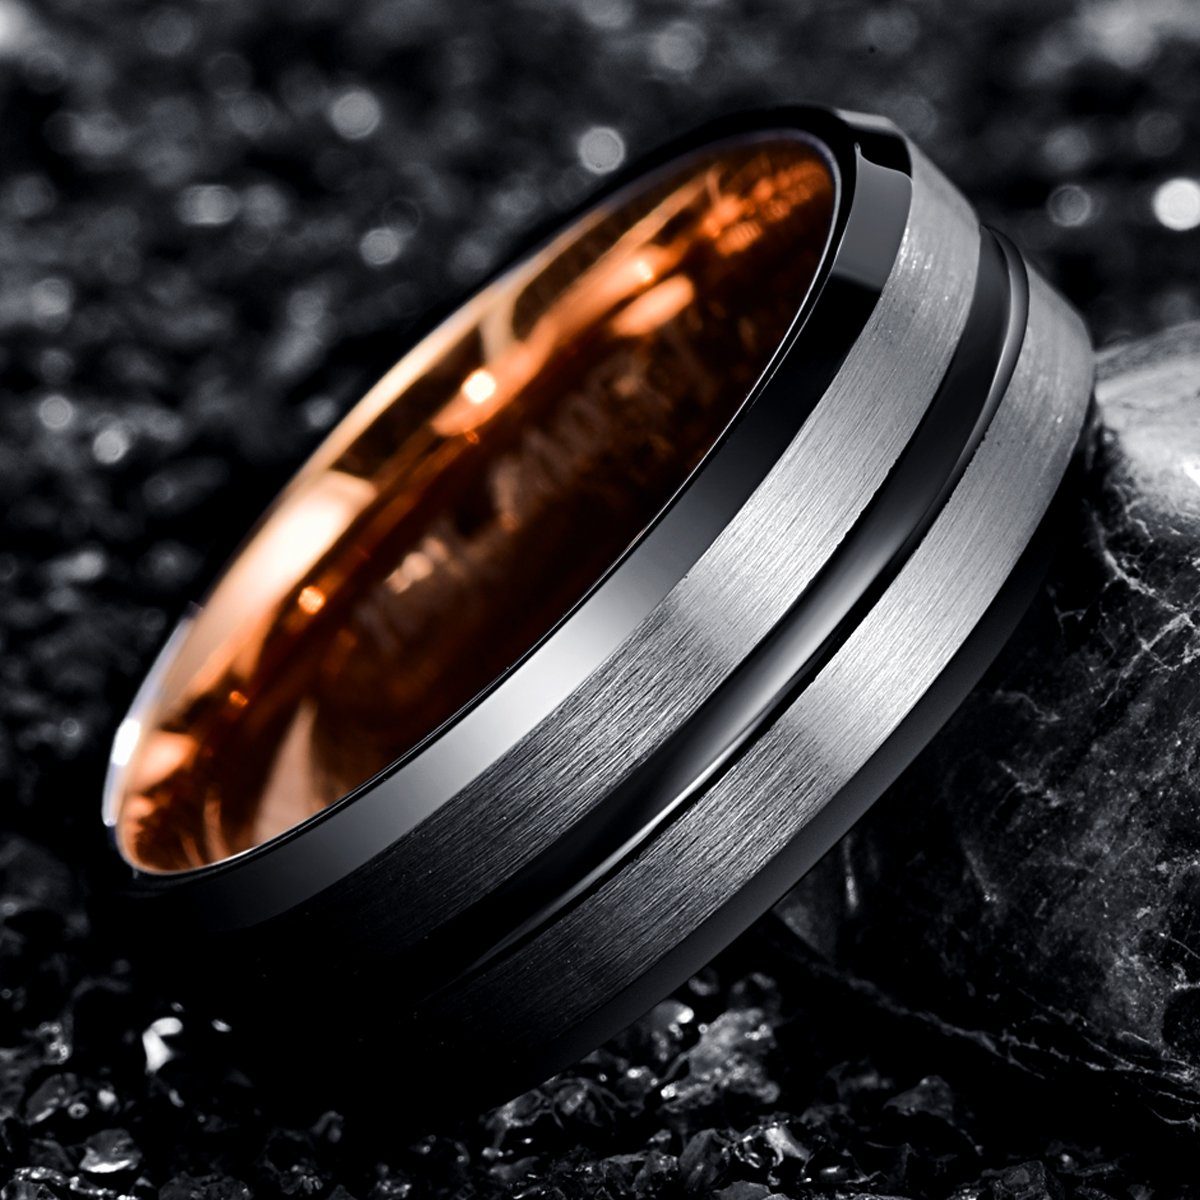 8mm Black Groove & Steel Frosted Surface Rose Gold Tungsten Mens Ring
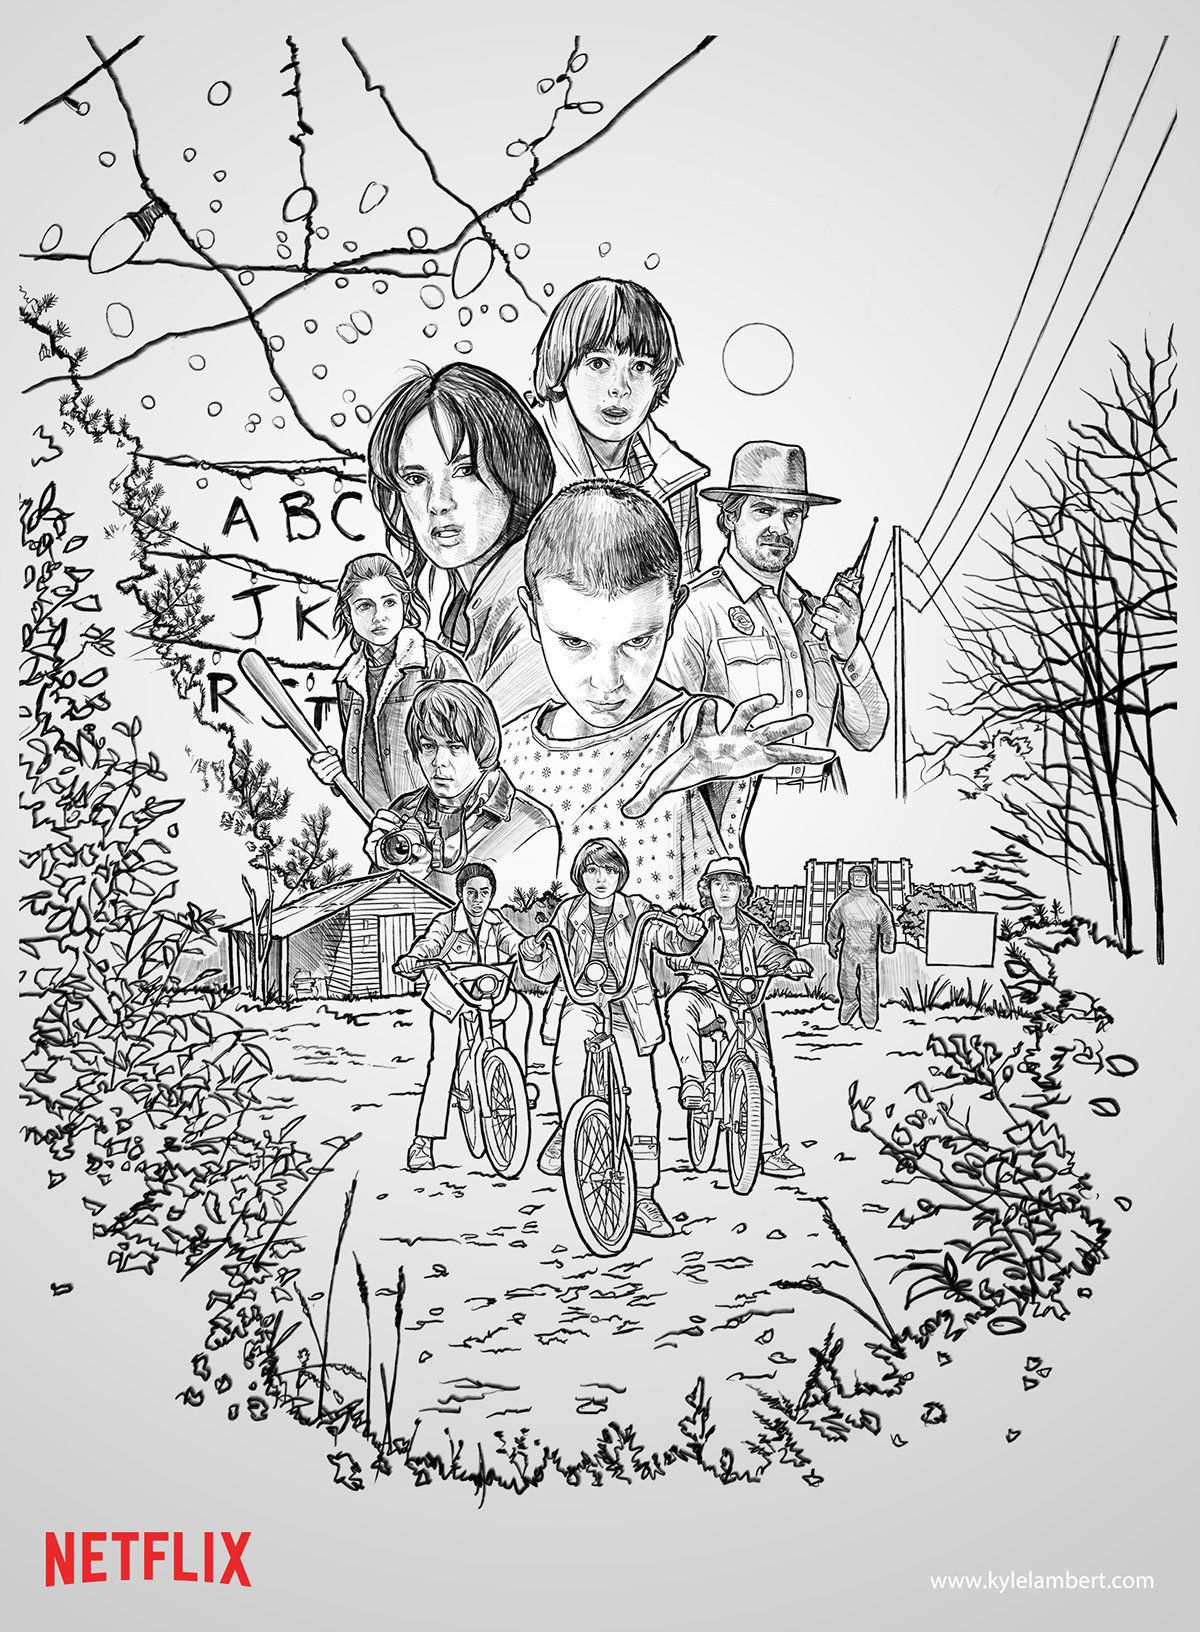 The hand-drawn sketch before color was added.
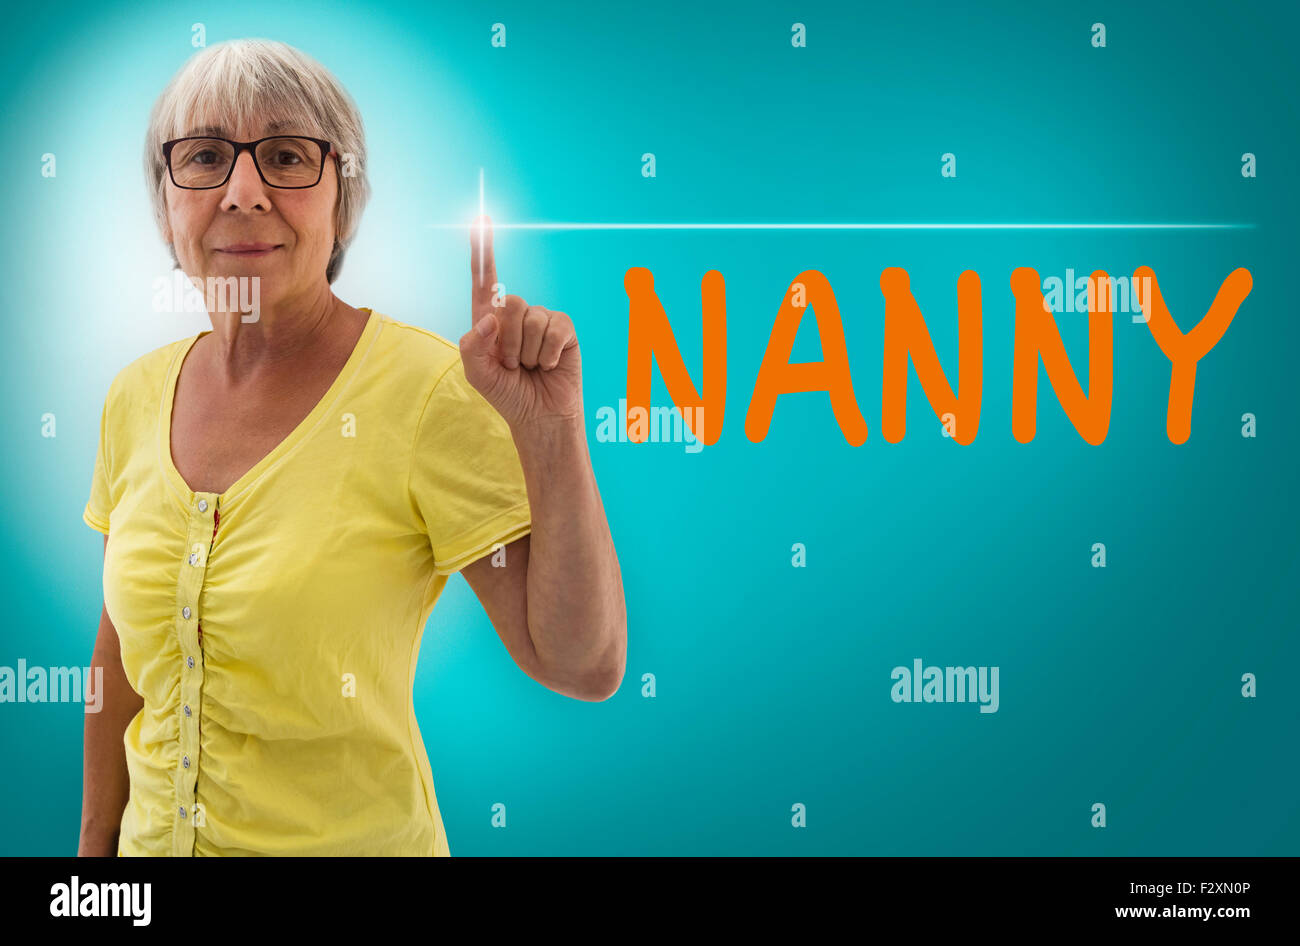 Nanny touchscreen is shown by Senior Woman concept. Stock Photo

* * * * * * * * *

Transcribe all lines above exactly, skipping pictures.

 8mm Black Groove & Steel Frosted Surface Rose Gold Tungsten Mens Ring
 The hand-drawn sketch before color was added.
 Nanny touchscreen is shown by Senior Woman concept. Stock Photo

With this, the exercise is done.